The inference behind the epithet was not lost on Paddy; he went as white as his son. “Don’t you dare call me that!”

“What else are you? You’re disgusting, you’re worse than a ram in rut! Couldn’t you leave her alone, couldn’t you keep your hands off her?”

“No, no, no!” Meggie screamed. Father Ralph’s hands bit into her shoulders like claws and held her painfully against him. The tears poured down her face, she twisted to free herself frantically and vainly. “No, Daddy, no! Oh, Frank, please! Please, please!” she shrilled.

But the only one who heard her was Father Ralph. Frank and Paddy faced each other, the dislike and the fear, each for the other, admitted at last. The dam of mutual love for Fee was breached and the bitter rivalry for Fee acknowledged.

“I am her husband. It is by God’s grace we are blessed with our children,” said Paddy more calmly, fighting for control.

“You’re no better than a shitty old dog after any bitch you can stick your thing into!”

“And you’re no better than the shitty old dog who fathered you, whoever he was! Thank God I never had a hand in it!” shouted Paddy, and stopped. “Oh, dear Jesus!” His rage quit him like a howling wind, he sagged and shriveled and his hands plucked at his mouth as if to tear out the tongue which had uttered the unutterable. “I didn’t mean it, I didn’t mean it!
I didn’t mean it
!”

The moment the words were out Father Ralph let go of Meggie and grabbed Frank. He had Frank’s right, arm twisted behind him, his own left arm around Frank’s neck, throttling him. And he was strong, the grip paralyzing; Frank fought to be free of him, then suddenly his resistance flagged and he shook his head in submission. Meggie had fallen to the floor and knelt there, weeping, her eyes going from her brother to her father in helpless, beseeching agony. She didn’t understand what had happened, but she knew it meant she couldn’t keep them both.

“You meant it,” Frank croaked. “I must always have known it! I must always have known it.” He tried to turn his head to Father Ralph. “Let me go, Father. I won’t touch him, so help me God I won’t.”

“So help you God? God rot your souls, both of you! If you’ve ruined the child I’ll kill you!” the priest roared, the only one angry now. “Do you realize I had to keep her here to listen to this, for fear if I took her away you’d kill each other while I was gone? I ought to have let you do it, you miserable, self-centered cretins!”

“It’s all right, I’m going,” Frank said in a strange, empty voice. “I’m going to join Jimmy Sharman’s troupe, and I won’t be back.”

“You’ve got to come back!” Paddy whispered. “What can I tell your mother? You mean more to her than the rest of us put together. She’ll never forgive me!”

“Tell her I went to join Jimmy Sharman because I want to be someone. It’s the truth.”

“What I said—it wasn’t true, Frank.”

Frank’s alien black eyes flashed scornfully, the eyes the priest had wondered at the first time he saw them; what were grey-eyed Fee and blue-eyed Paddy doing with a black-eyed son?
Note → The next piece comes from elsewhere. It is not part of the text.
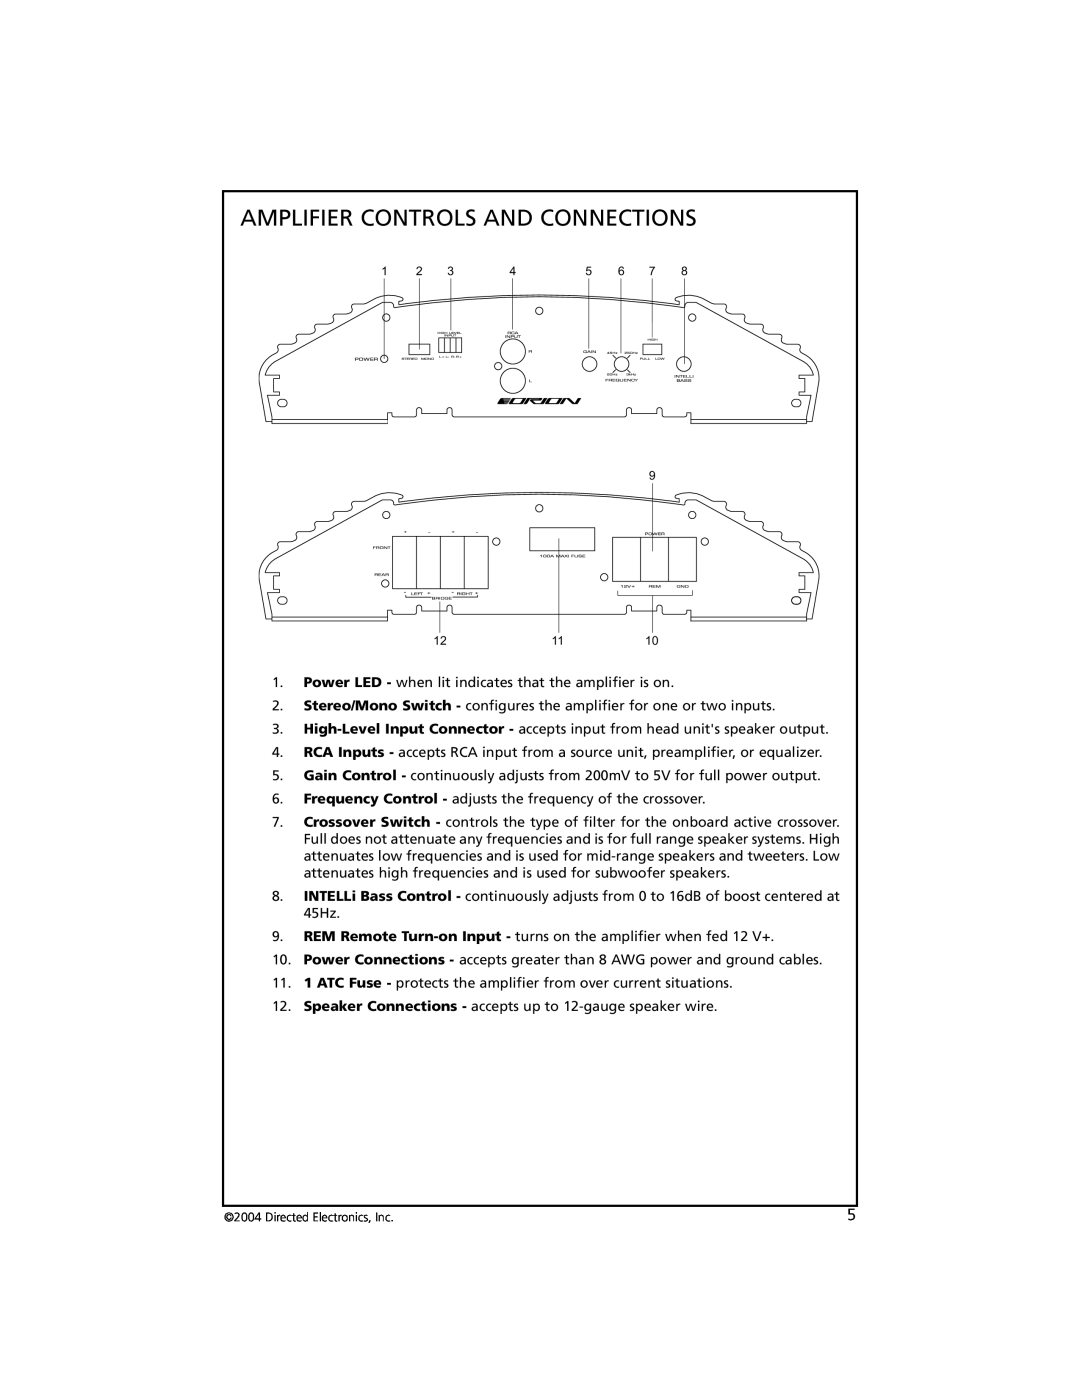 Orion 3002 manual Amplifier Controls And Connections 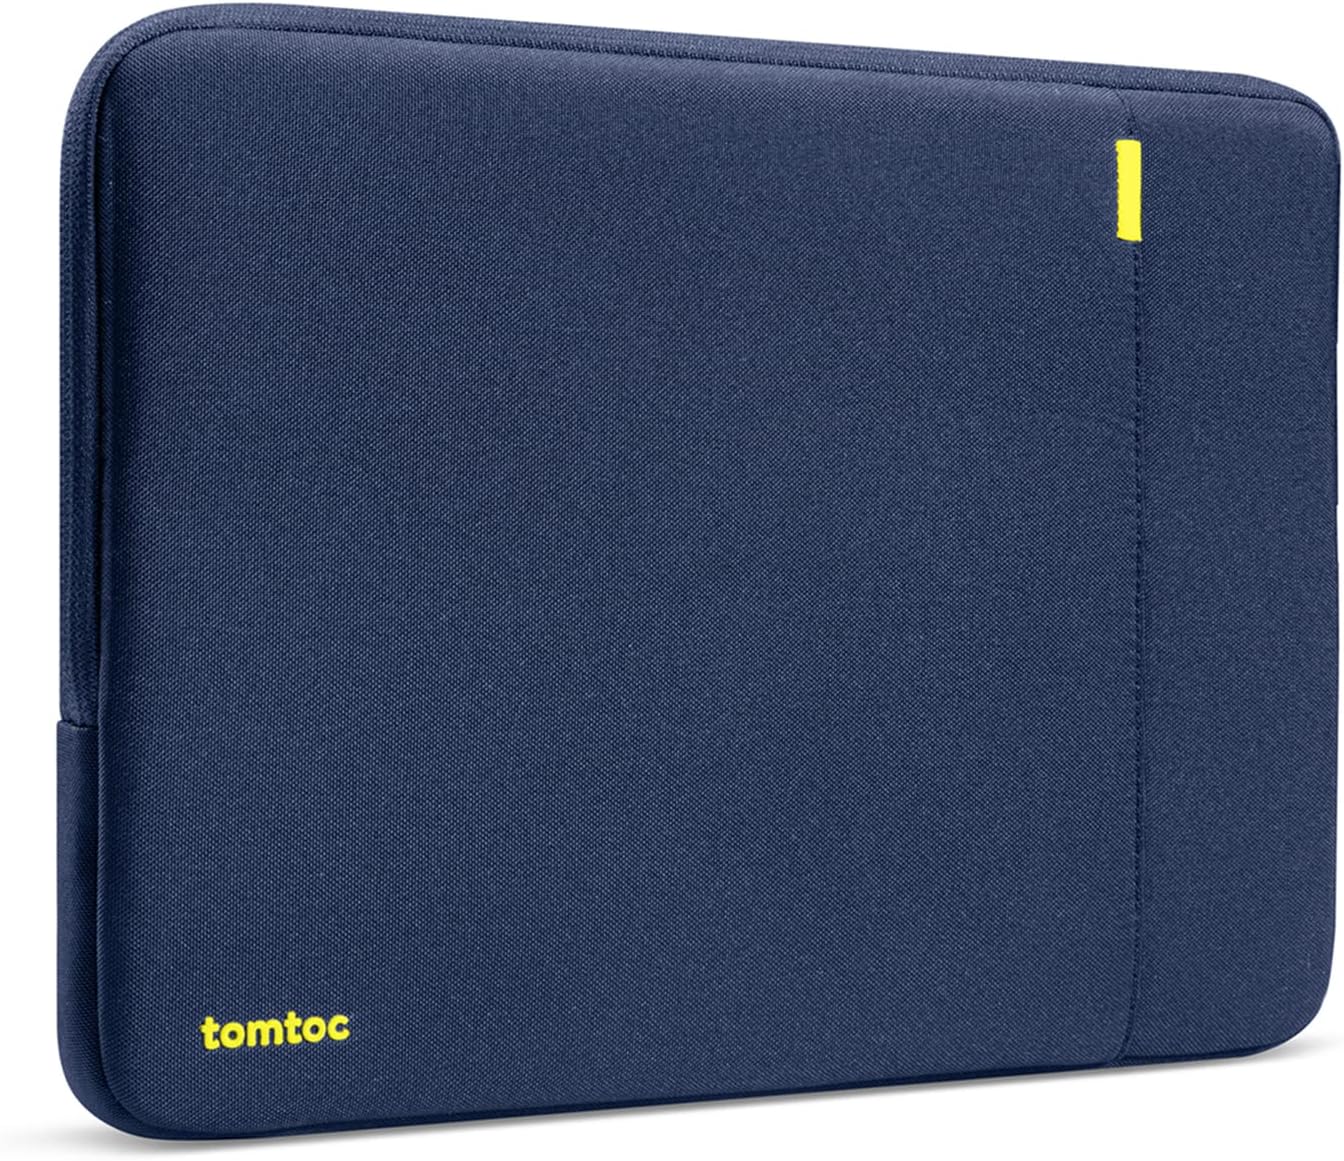 tomtoc 360° Protective Laptop Sleeve for 13-inch MacBook Air

Father Ralph knew his Mendelian laws, and didn’t think even Fee’s greyness made it possible.

Frank picked up his hat and coat. “Oh, it was true! I must always have known it. The memories of Mum playing her spinet in a room you could never have owned! The feeling you hadn’t always been there, that you came after me. That she was mine first.” He laughed soundlessly. “And to think all these years I’ve blamed
you
for dragging her down, when it was me. It was
me
!”

“It was no one, Frank, no one!” the priest cried, trying to pull him back. “It’s a part of God’s great unfathomable plan; think of it like that!”

Frank shook off the detaining hand and walked to the door with his light, deadly, tiptoed gait. He was born to be a boxer, thought Father Ralph in some detached corner of his brain, that cardinal’s brain.

“God’s great unfathomable plan!” mocked the young man’s voice from the door. “You’re no better than a parrot when you act the priest, Father de Bricassart! I say God help
you
, because you’re the only one of us here who has no idea what he really is!”

Paddy was sitting in a chair, ashen, his shocked eyes on Meggie as she huddled on her knees by the fire, weeping and rocking herself back and forth. He got up to go to her, but Father Ralph pushed him roughly away.

“Leave her alone. You’ve done enough! There’s whiskey in the sideboard; take some. I’m going to put the child to bed, but I’ll be back to talk to you, so don’t go. Do you hear me, man?”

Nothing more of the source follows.